「見てください、ハッサム殿。
 閣下と薔薇と干物爺が、楽しそうに描かれていますよ」

 白い法衣の人の笑みに邪気は一切ない。
 悪意を持ったことなど一度もないと言ってもおかしくないほどキレイな顔立ちをしている。

だが……。

「…………。
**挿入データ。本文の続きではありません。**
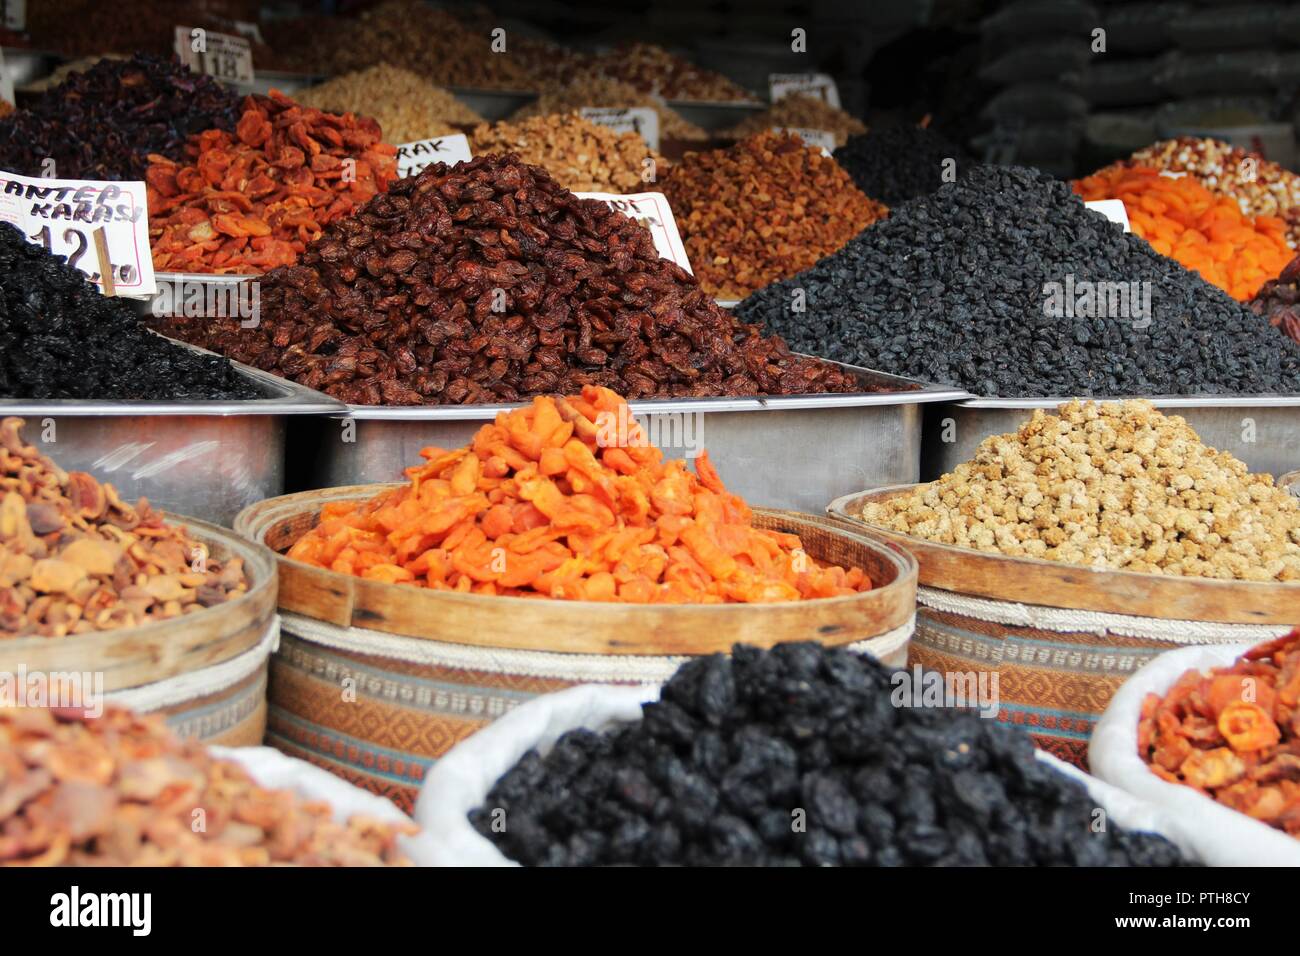 Street market in Turkey Stock Photo

フィー殿」
「はい、何でしょう?」
「あいかわらず、仲が悪いですな」

 白い法衣の人は大きな目をまん丸にして「まさか」と否定した。
「ドナナ殿と僕は院時代からのお友だちです。
 仲が悪いなんてこと、ありませんよ」
「……………………」
 爺などと言った口がいうことではなかった。

 黒衣の魔導士は知っている。
 二人の仲が最悪に悪かったことを。
 当時の大魔導師の側近衆が全員集まって仲を取り持とうとしたくらいに悪かった。



 黒衣の魔導士は静かに溜め息をついた。
 今さらこの人に何を言っても無駄だと、思い出した。

 黒衣の魔導士の暗鬱な気分など気づかない振りで、白い法衣の人は笑って言った。
「ドナナ殿、あなたのお弟子さんは心配性ですねぇ」
「……………………」



 あぁ、師よ。
 あなたのご友人はいつまでお元気なのでしょうか……?



 黒衣の魔導士は絵の隅に描かれた師匠の姿に向かってぼやいた。